LOS ANGELES--(BUSINESS WIRE)-- Breitburn Energy Partners LP (“Breitburn”) and its affiliates, as debtors and debtors in possession (collectively, the “Debtors”), today announced that they have reached an agreement in principle (the “Agreement in Principle”) with their key creditor constituencies with respect to an amended plan of reorganization and restructuring.
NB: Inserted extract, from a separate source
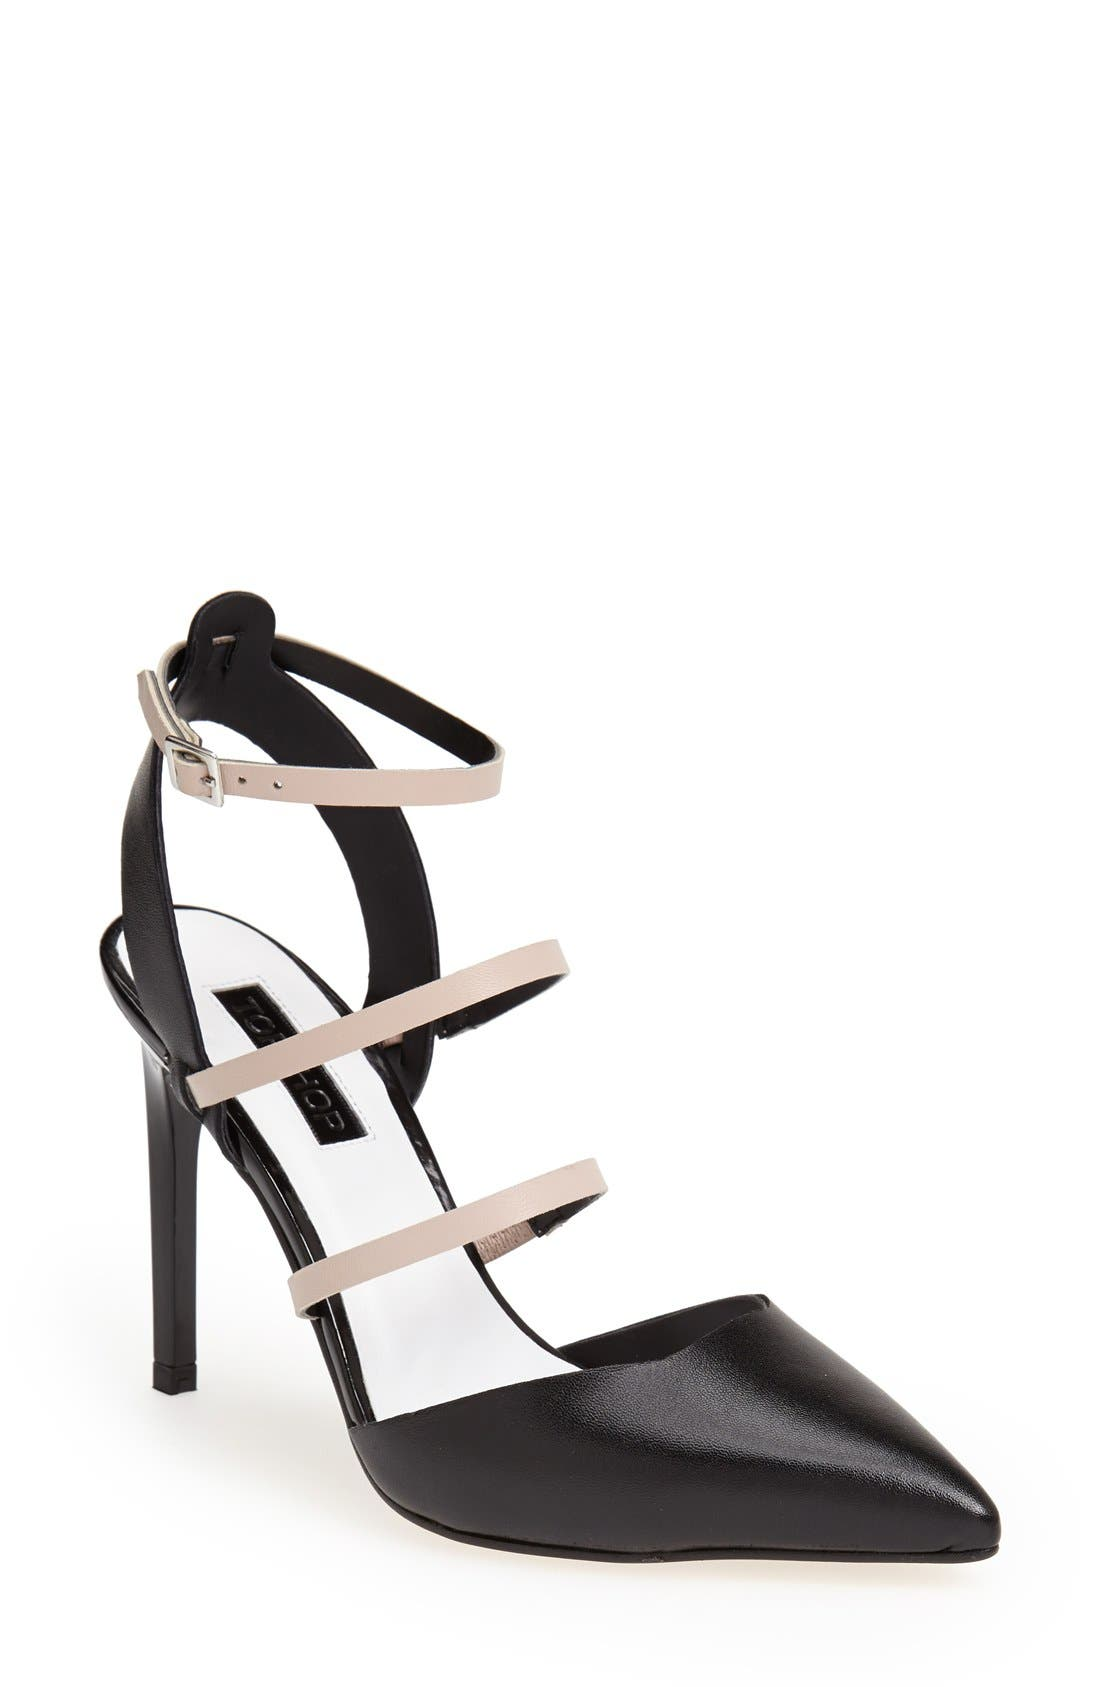 Main Image - Topshop 'Gauche' Skinny Heel Pump (Women)

The Agreement in Principle has the support of certain lenders under the Debtors’ prepetition revolving credit facility (the “RBL Lenders”), certain holders of the Debtors’ 9.25% Senior Secured Second Lien Notes (the “Second Lien Group”), certain holders of the Debtors’ 7.785% Senior Notes due 2022 and 8.625% Senior Notes due 2020 (the “Senior Unsecured Notes”) that collectively hold approximately 68% of the outstanding principal amount of the Senior Unsecured Notes (the “Ad Hoc Senior Notes Groups”), and the Official Committee of Unsecured Creditors (the “Creditors’ Committee”) appointed in the Debtors’ chapter 11 cases pending in the United States Bankruptcy Court for the Southern District of New York (the “Bankruptcy Court”). As a result of the Agreement in Principle, the Creditors’ Committee has agreed to withdraw its opposition to the plan of reorganization previously filed by the Debtors and to support an amended plan of reorganization to be filed that will incorporate the terms and provisions of the Agreement in Principle (the “Amended Plan”).
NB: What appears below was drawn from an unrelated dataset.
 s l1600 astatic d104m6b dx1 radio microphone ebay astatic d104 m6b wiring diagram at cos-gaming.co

The Amended Plan is premised on the division of the Debtors’ assets and existing businesses into two separate entities upon the occurrence of the effective date of the Amended Plan (the “Plan Effective Date”): (a) a newly-formed limited liability company (“LegacyCo”) that will own all of the Debtors’ assets other than certain assets located in the Permian Basin (such assets, the “Permian Assets”); and (b) a newly-formed corporation (“New Permian Corp.”) that will acquire all of the equity of a newly-formed limited liability company that will own the Permian Assets. New Permian Corp. will also own 7.5% of the equity of LegacyCo.

Certain principal terms of the Agreement in Principle are outlined below:

  • RBL Lenders holding allowed claims in the aggregate principal amount of $747,316,435.62 (the “RBL Claims”) will receive a pro rata share of (a) cash in an amount equal to the RBL Claims minus $400 million and (b) participation in an amended and restated term loan facility in the principal amount of $400 million (the “Exit Facility”). Each RBL Lender will also have the right to convert its entire portion of the Exit Facility to an equal amount of a revolving credit facility.
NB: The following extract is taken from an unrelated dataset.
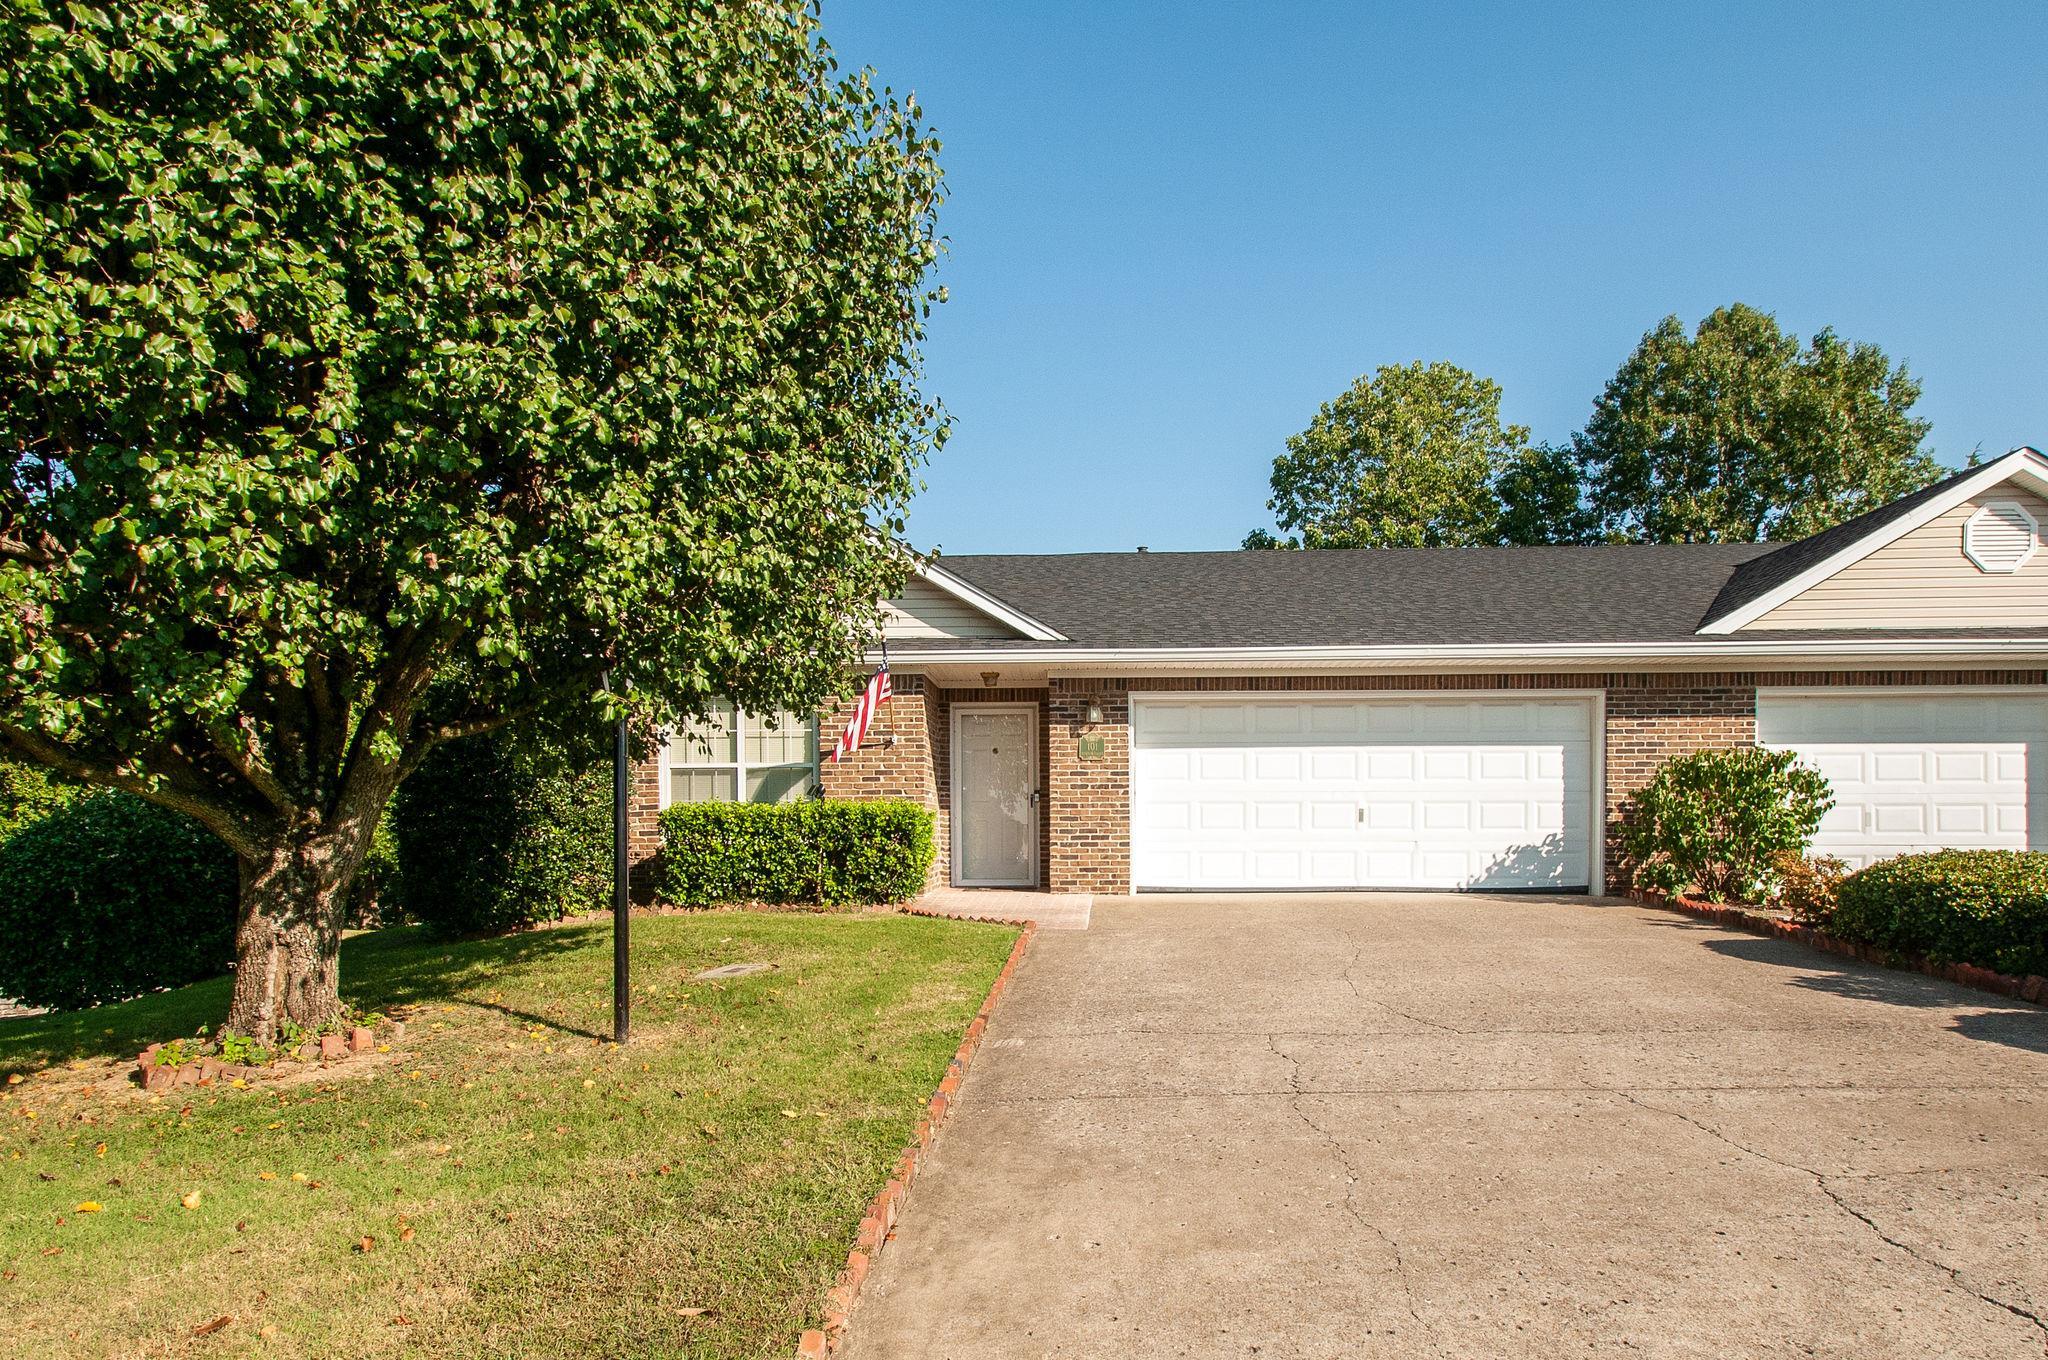 101 Newsom Grn, Nashville, TN 37221 - Nashville, TN real estate listing

  • Holders of the 9.25% Senior Secured Second Lien Notes (the “Second Lien Notes”) with allowed claims solely for purposes of the Amended Plan in the aggregate amount of $793 million, plus accrued unpaid pre- and post-petition default interest on all outstanding obligations, costs, fees, indemnities, and all other obligations payable under the Second Lien Notes, will receive a pro rata share of 92.5% of the equity of LegacyCo, subject to potential dilution.
  • Holders of Senior Unsecured Notes that are “eligible offerees” will receive the right to purchase their pro rata share of an aggregate of 60% of the shares to be issued by New Permian Corp. (the “New Permian Corp. Shares”), subject to certain dilution, pursuant to a $465 million rights offering (the “Rights Offering”) to be implemented under the Amended Plan. All holders of Senior Unsecured Notes that are “eligible offerees” that do not elect to participate in the Rights Offering will receive no distribution.
  • Pursuant to a backstop commitment agreement (subject to Bankruptcy Court approval), the members of the Ad Hoc Senior Notes Groups have committed to (a) exercise rights (the “Minimum Allocation Rights”) to purchase the remaining 40% of New Permian Corp. Shares for an aggregate amount of $310 million payable in cash, subject to certain dilution, and (b) backstop the Rights Offering.
  • Both (a) the members of the Ad Hoc Senior Notes Groups, and (b) all other holders of Senior Unsecured Notes that are “eligible offerees” as of November 27, 2017 that irrevocably elect to participate in the Rights Offering by December 13, 2017, will receive on the Plan Effective Date their pro rata share (based on the respective backstop commitment amounts of the members of the Ad Hoc Senior Notes Groups and the respective subscription amounts as to the rights exercised by “eligible offerees” by December 13, 2017) of 10% of the New Permian Corp. Shares, which will dilute the New Permian Corp. Shares issued pursuant to the Rights Offering and pursuant to the Minimum Allocation Rights.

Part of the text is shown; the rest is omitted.